*Dataset entries:*
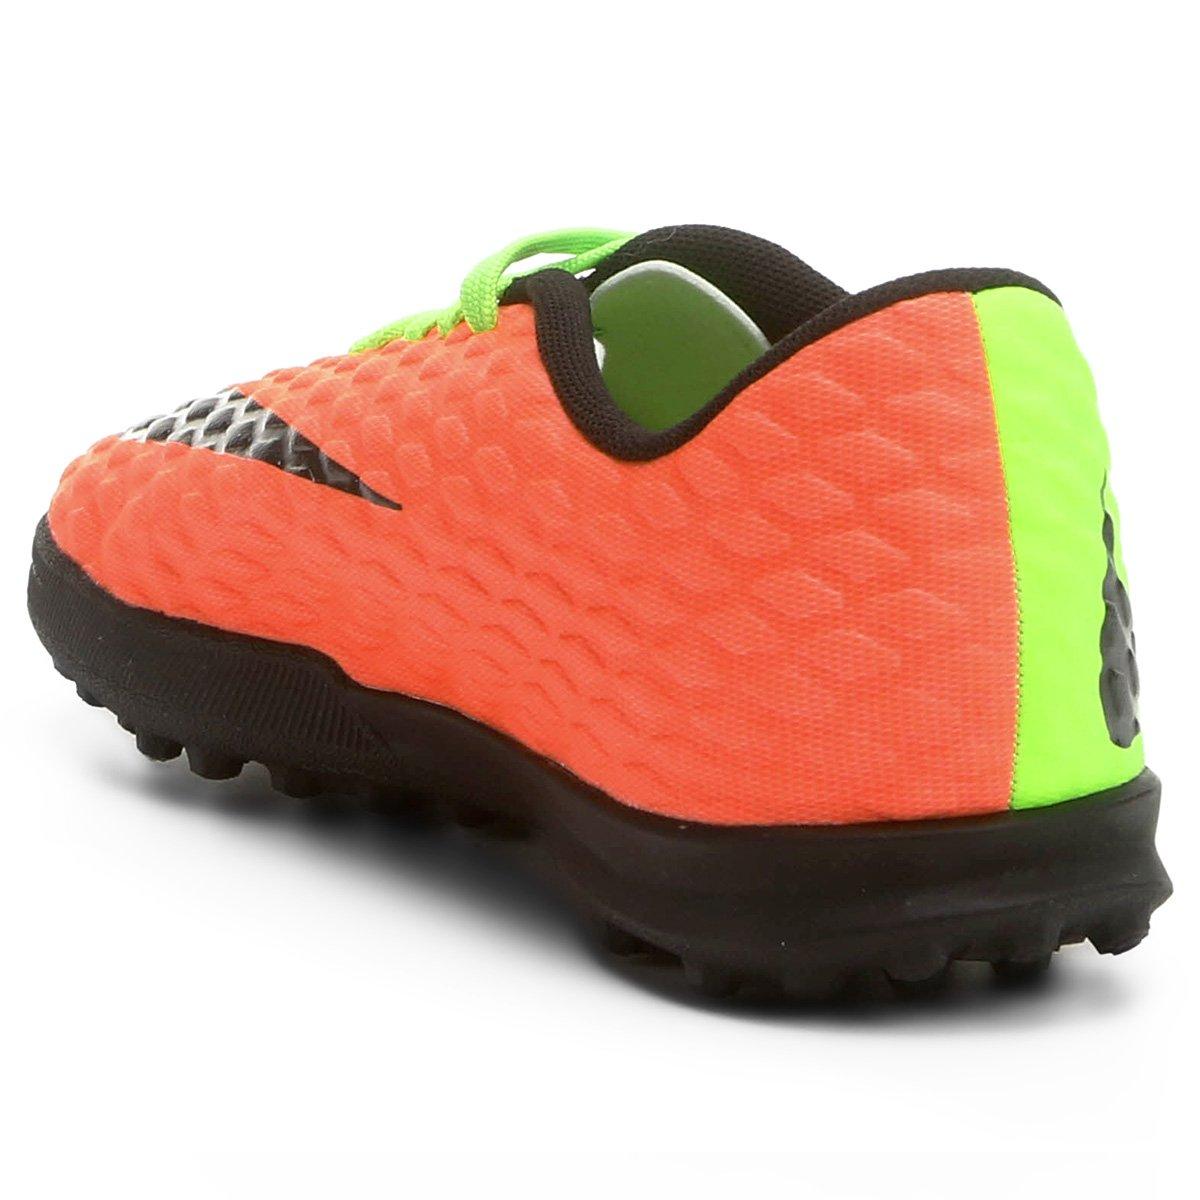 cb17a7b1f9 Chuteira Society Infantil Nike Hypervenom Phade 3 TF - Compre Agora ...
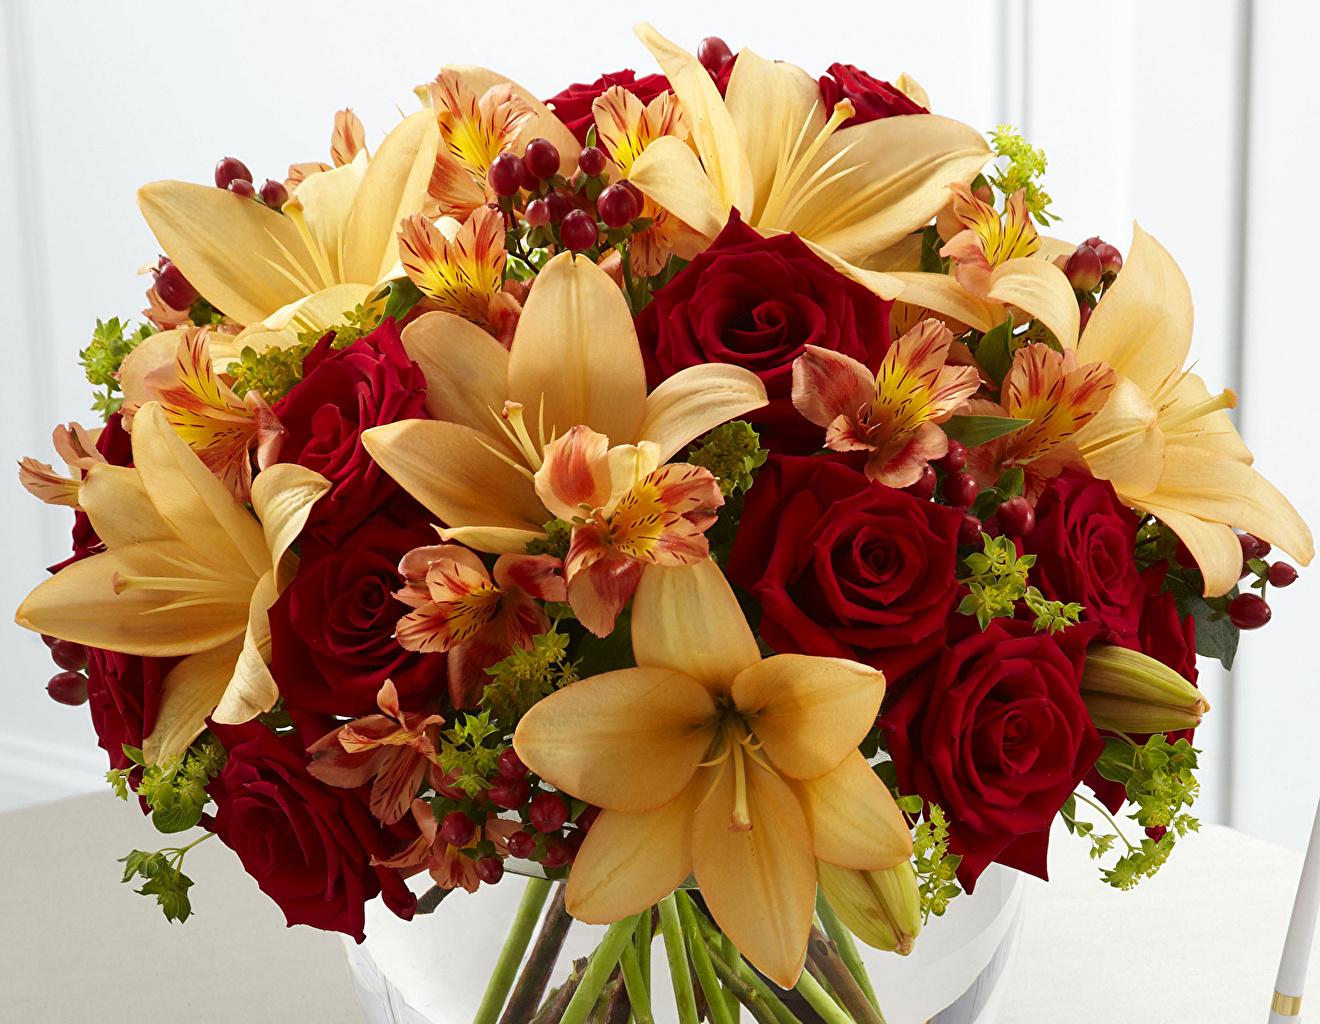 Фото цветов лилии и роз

...

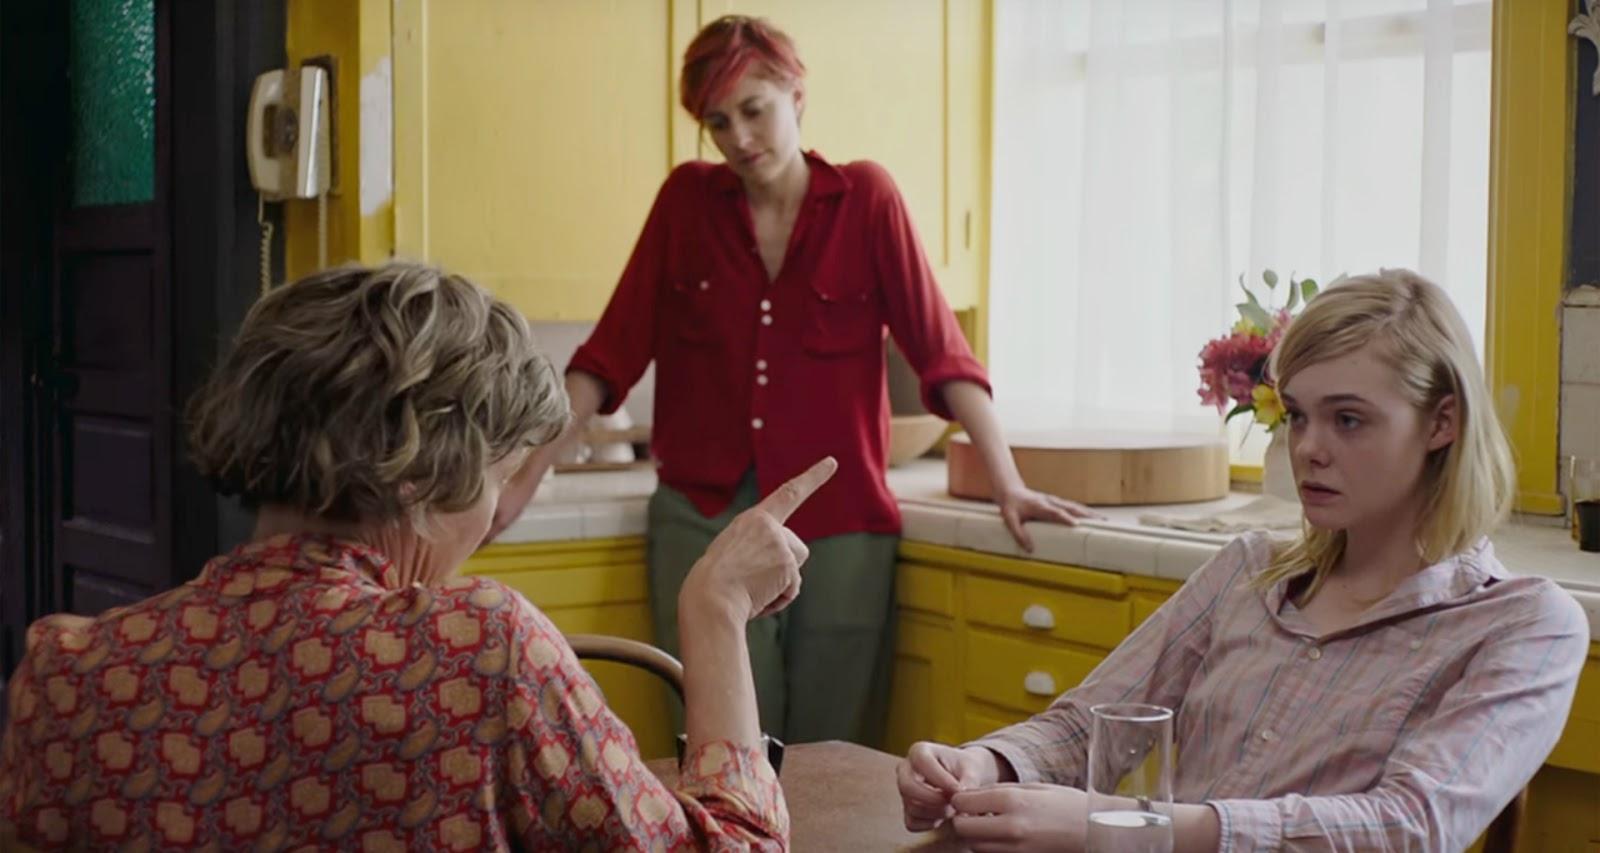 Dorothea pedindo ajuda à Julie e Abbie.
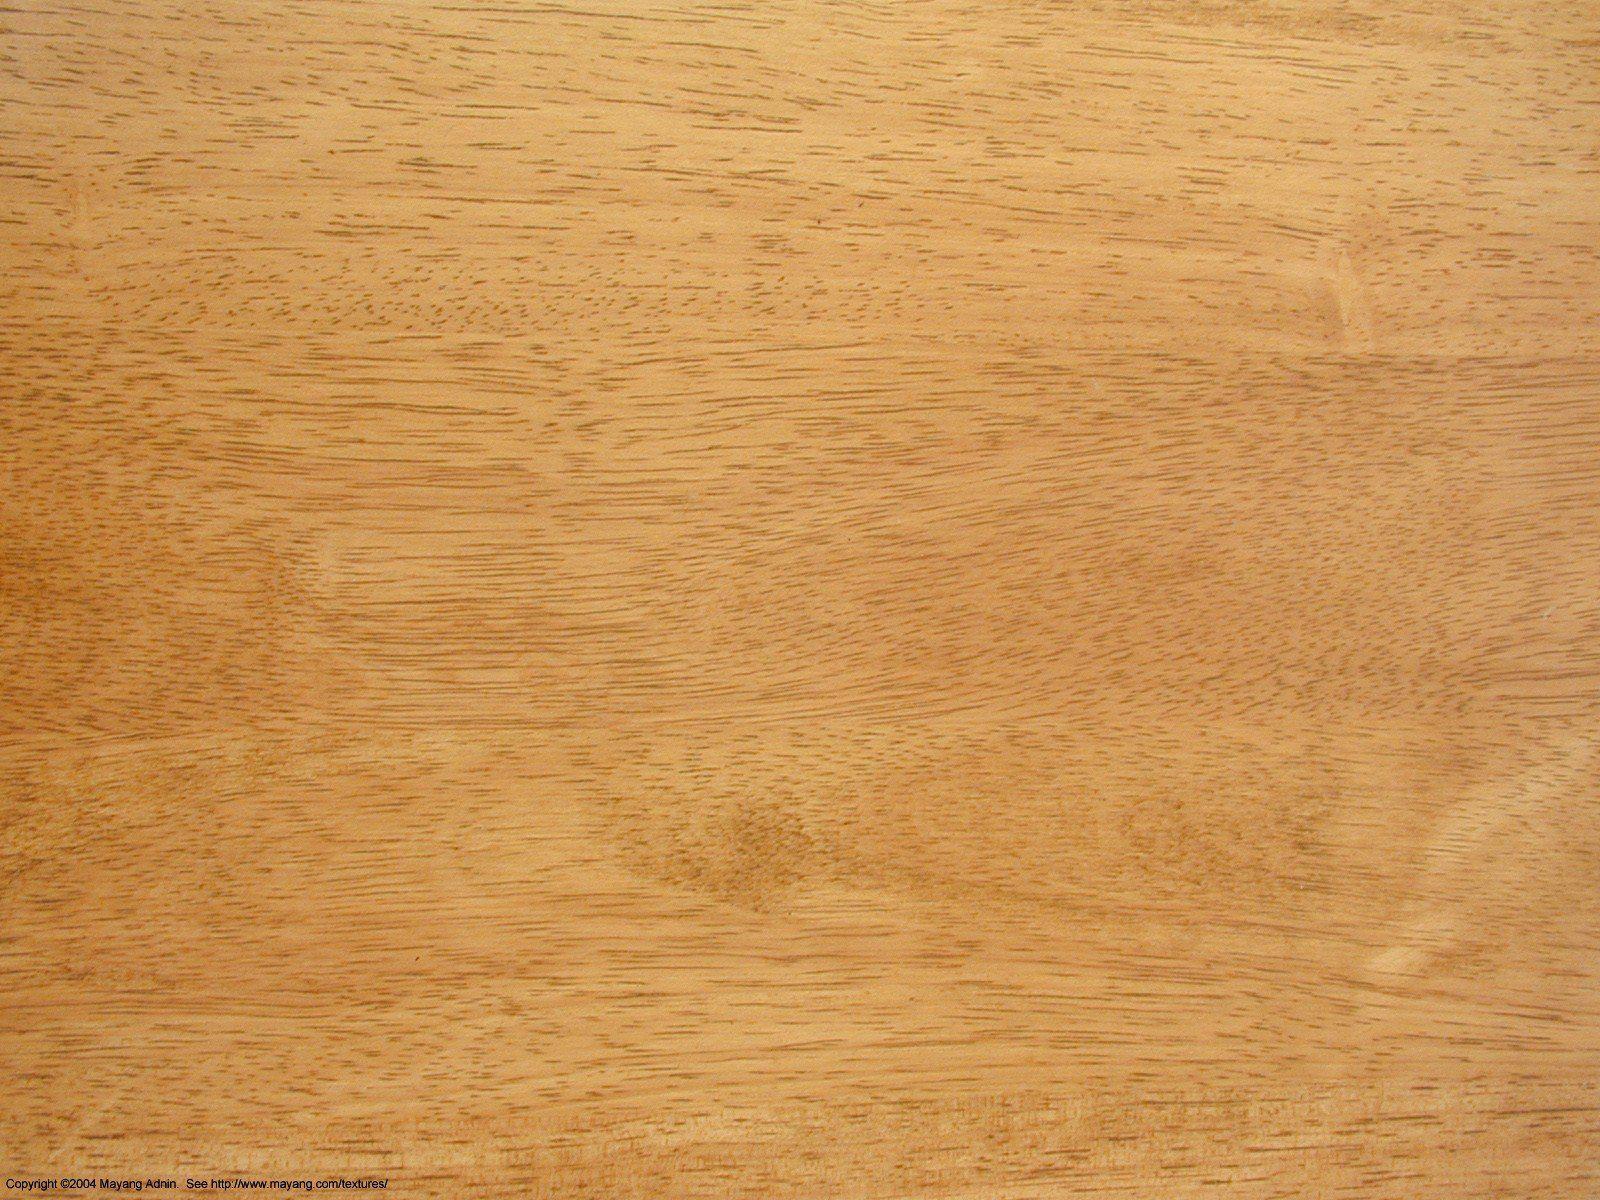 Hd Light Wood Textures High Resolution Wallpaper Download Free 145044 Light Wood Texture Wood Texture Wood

*Action item:*
Copy word for word the lines of the records above from the one with "Dorothea pedindo ajuda à Julie e Abbie." up to and including the one with "Hd Light Wood". Skip the pictures.

*Task output:*
 Dorothea pedindo ajuda à Julie e Abbie.
 Hd Light Wood Textures High Resolution Wallpaper Download Free 145044 Light Wood Texture Wood Texture Wood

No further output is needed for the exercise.